*DATA SHOWN*.
· · · · · · ·

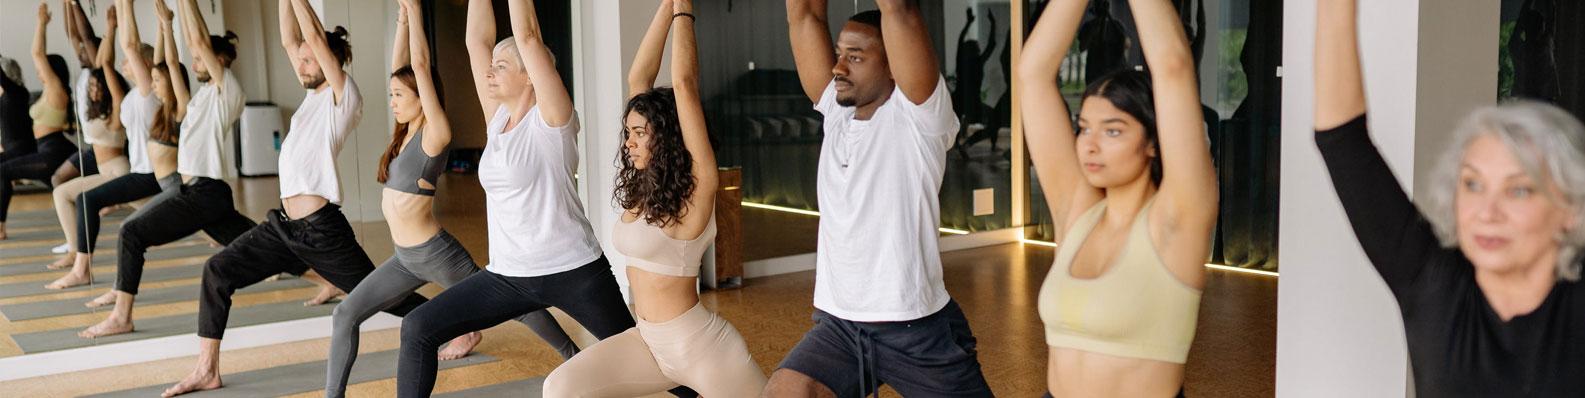 Organize a Yoga Workshop around the Holidays
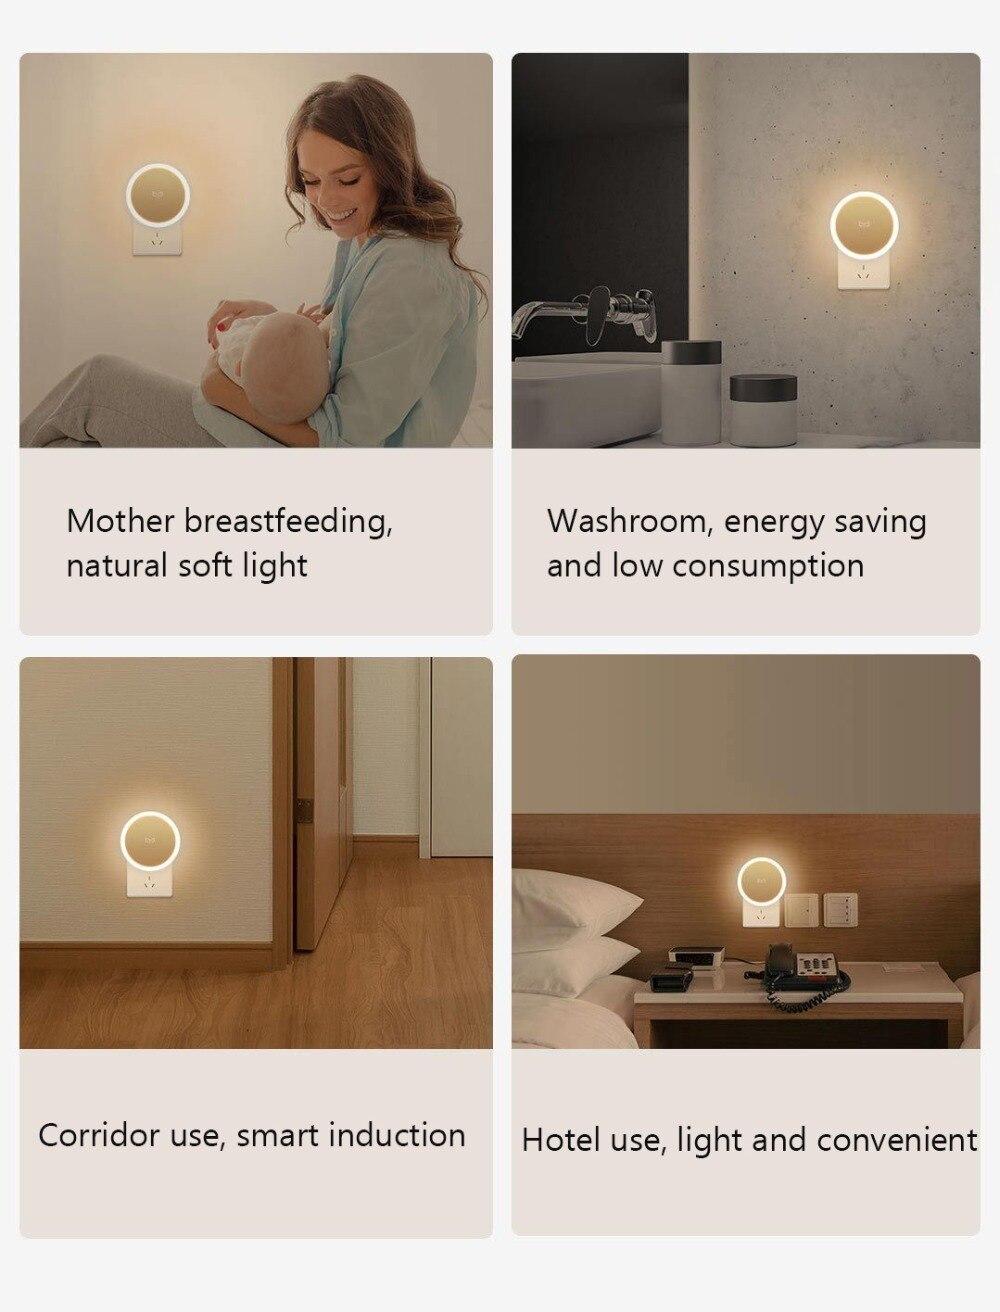 Bundled Sale Xiaomi mijia Yeelight induction night light (plug-in version) YLYD03YL led lamp bed lights for bedroom corridor Wal (9)
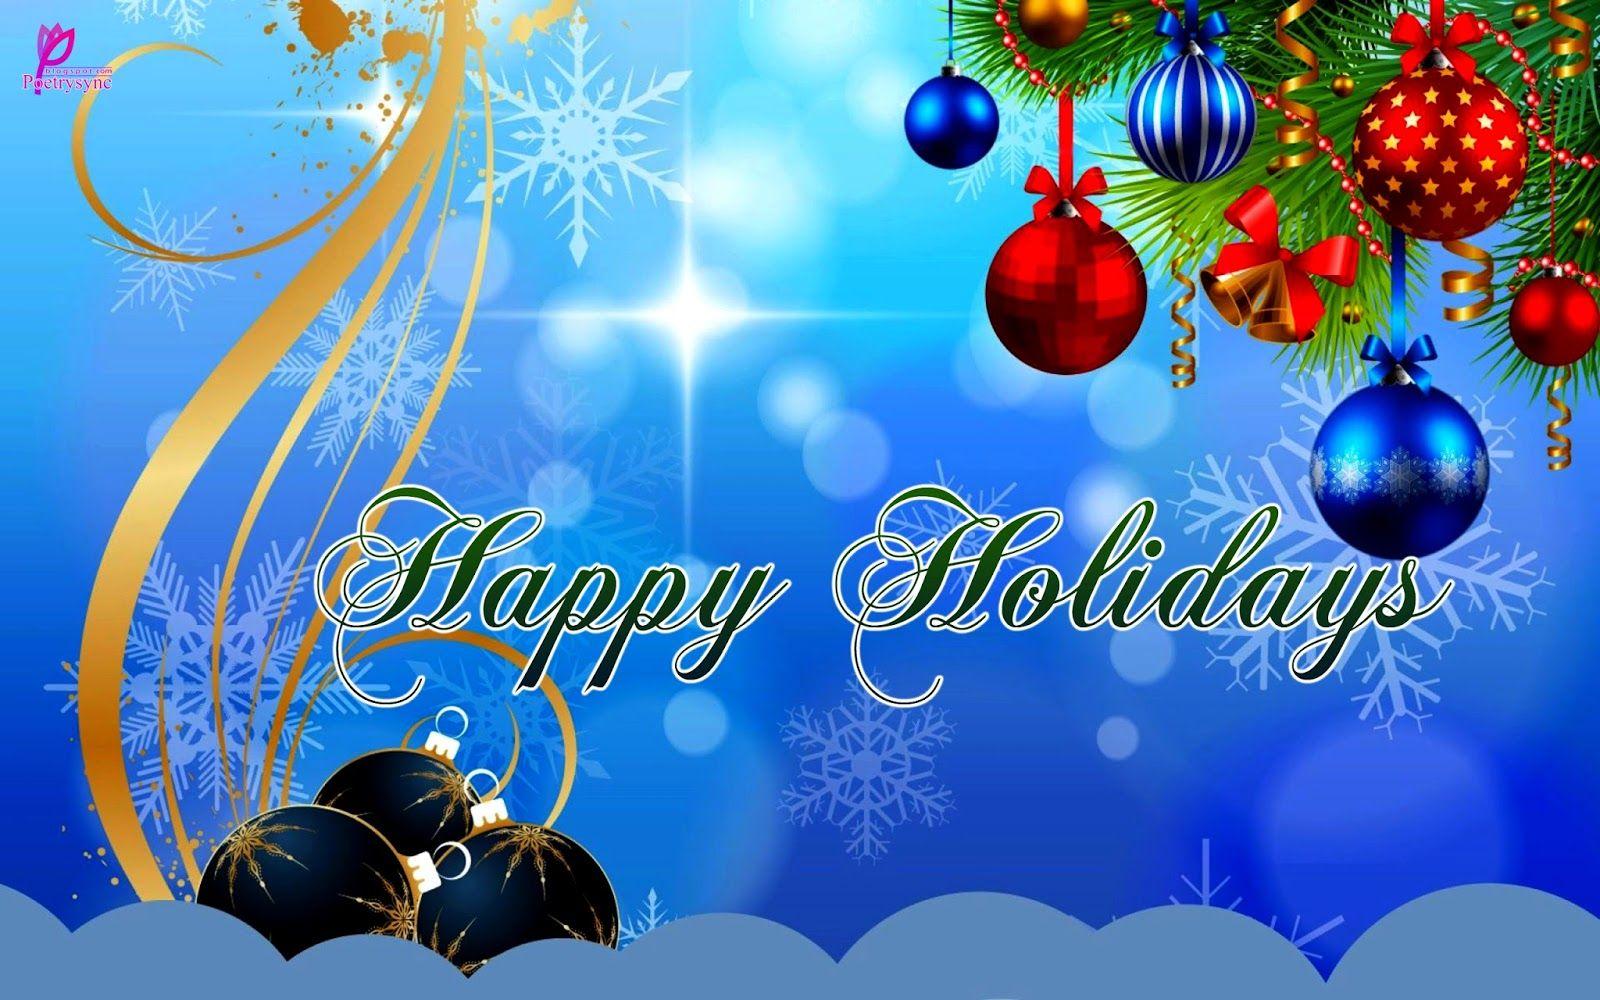 Happy Holidays Wallpapers PC 62898JJ WallpapersExpertcom 1600x1000

· · · · · · ·

*TASK DESCRIPTION*. Your task is to output the material word for word while leaving out every image.

*FINISHED TASK*.
 Organize a Yoga Workshop around the Holidays
 Bundled Sale Xiaomi mijia Yeelight induction night light (plug-in version) YLYD03YL led lamp bed lights for bedroom corridor Wal (9)
 Happy Holidays Wallpapers PC 62898JJ WallpapersExpertcom 1600x1000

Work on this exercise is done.